Dole's team dismisses the complaints as nonsensical. An adviser says, "People don't vote for or against you on the basis of who your pollster is." Average voters may not, but to party activists, personnel is policy--especially in the absence of actual positions on the issues. When Bush put out word that he was relying on Reagan Administration veterans for advice rather than his father's circle, conservatives got the message and cheered. For Dole, who reads from the Bible daily and talks openly about her faith, the assault by some in the Christian right is a lesson in the often irrational bitterness that divides the G.O.P.--something her husband, who ran for President three times, knows all about. "Some of these people you can't satisfy," says the former Senator. "They're just out there to criticize. You'll never find a perfect candidate for them."

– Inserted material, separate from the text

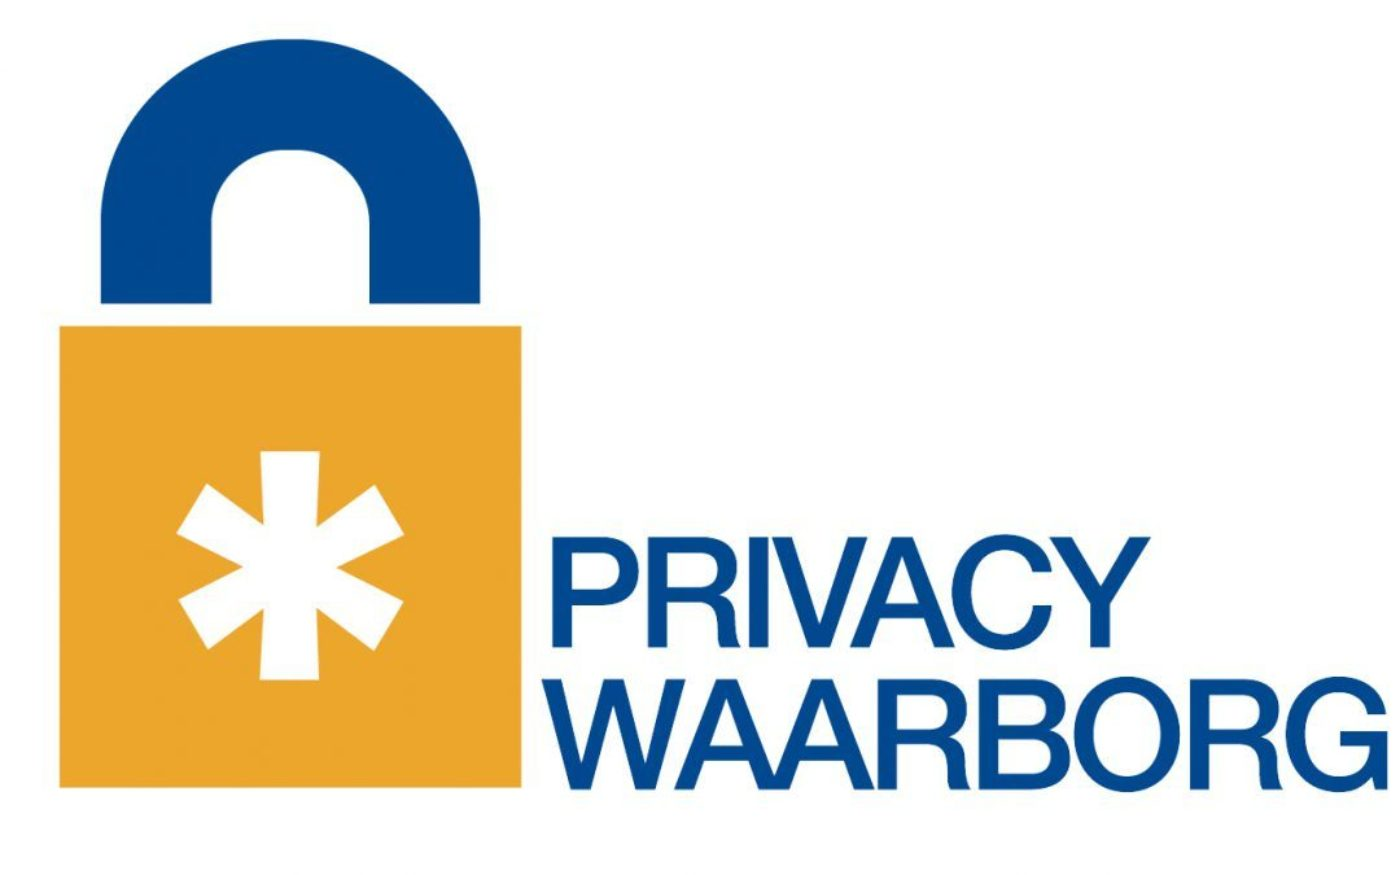 Privacy Waarborg logo

Or a perfect spouse. Bob Dole has steered clear of his wife's campaign. He was in Washington last week as she made her announcement, and he is conspicuously absent from a 15-min. political spot the Dole campaign is running in Iowa and New Hampshire. But the nation's most famous Viagra user is all over the airwaves anyway, in Pfizer commercials discussing erectile dysfunction, or E.D. The ads are dignified, and the former Senator has been praised for his courage in talking about a condition that may affect 30 million American men. But some conservatives, like Eagle Forum president Phyllis Schlafly, find the ads "embarrassing" and think Mrs. Dole should tell her husband to stop them. Even Mrs. Dole's campaign thinks he is off-message. "It's not good for us," admits an adviser. "Elizabeth has to talk about Viagra everywhere she goes."
Dole has another problem: money. She needs to back up her impressive second-place standing in the early polls with some serious cash. Bush has made that harder by scooping up most of the G.O.P.'s top fund raisers. Dole is still expected to draw wide financial support, but her refusal to put out a list of exploratory-committee members last week was viewed by insiders as a sign of early fund-raising trouble.

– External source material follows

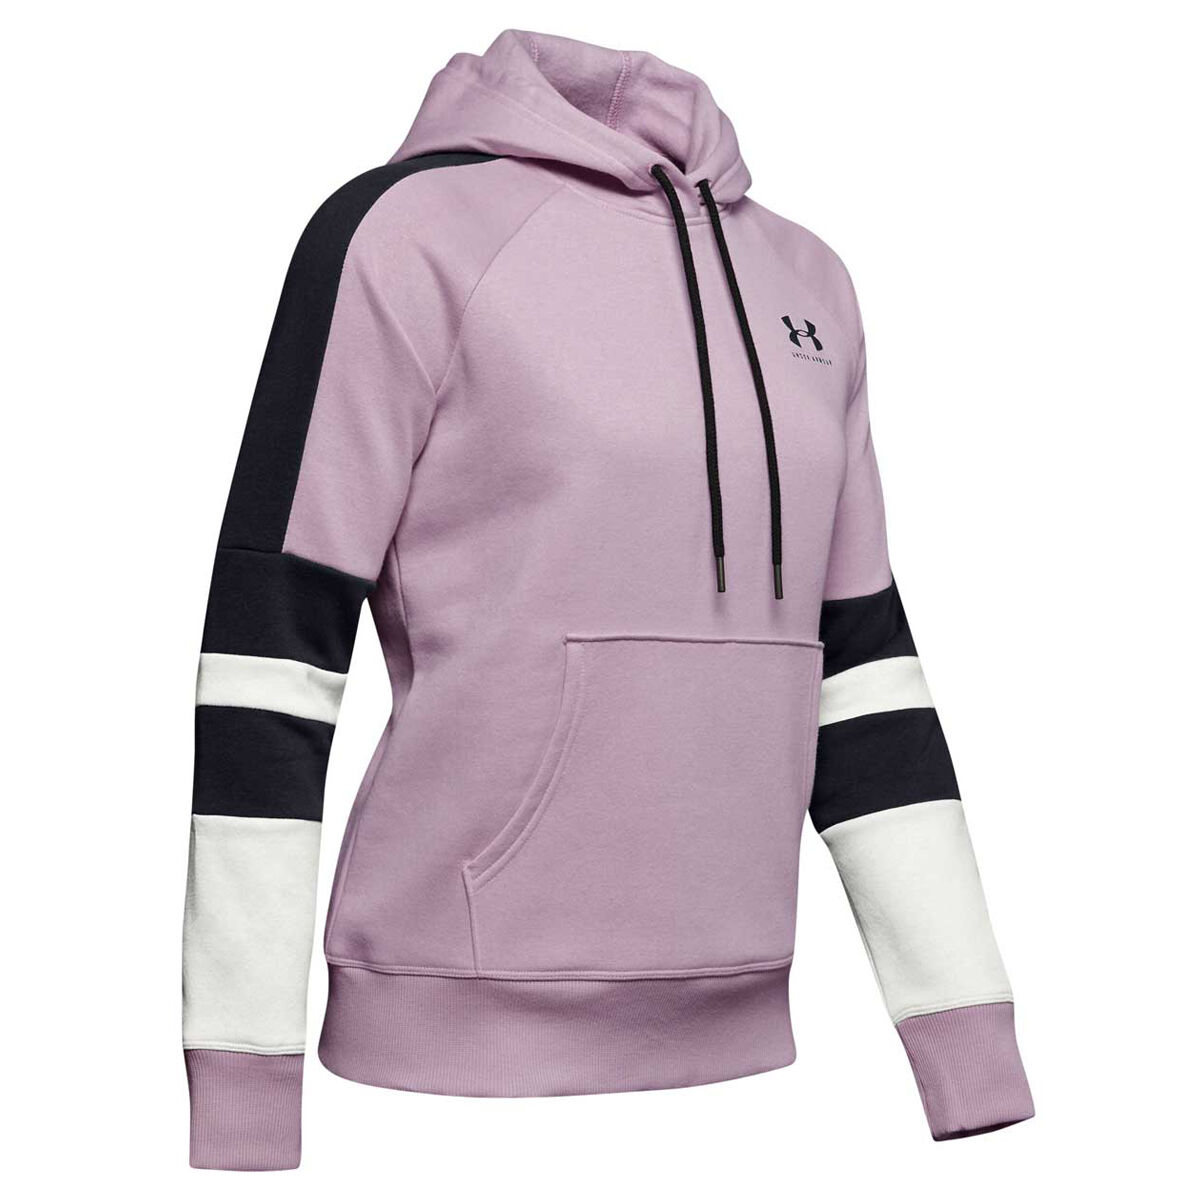 Details about New adidas Ultimate Full Zip Hoodie Sports Fleece Jacket Purple Women's L LG

And yet, for all her first-round woes, Dole remains a threat to the Bush juggernaut. The mere fact of her candidacy charged up the G.O.P. and caught the attention of a nation more cynical than ever about its politicians. In Des Moines, Dole dropped by the Iowa state girls' basketball tournament and was mobbed by autograph-seeking schoolgirls and their parents. "She'd be the first woman President ever!" declared Shannon Anderson, 13, who sidled up to Dole in the stands. "Awesome!" said her friend Melissa Haglund, 12. "Power to the women!" Dole was smiling as always, but she must know that Girl Power takes you only so far. She'll need more than gender to get where she wants to go.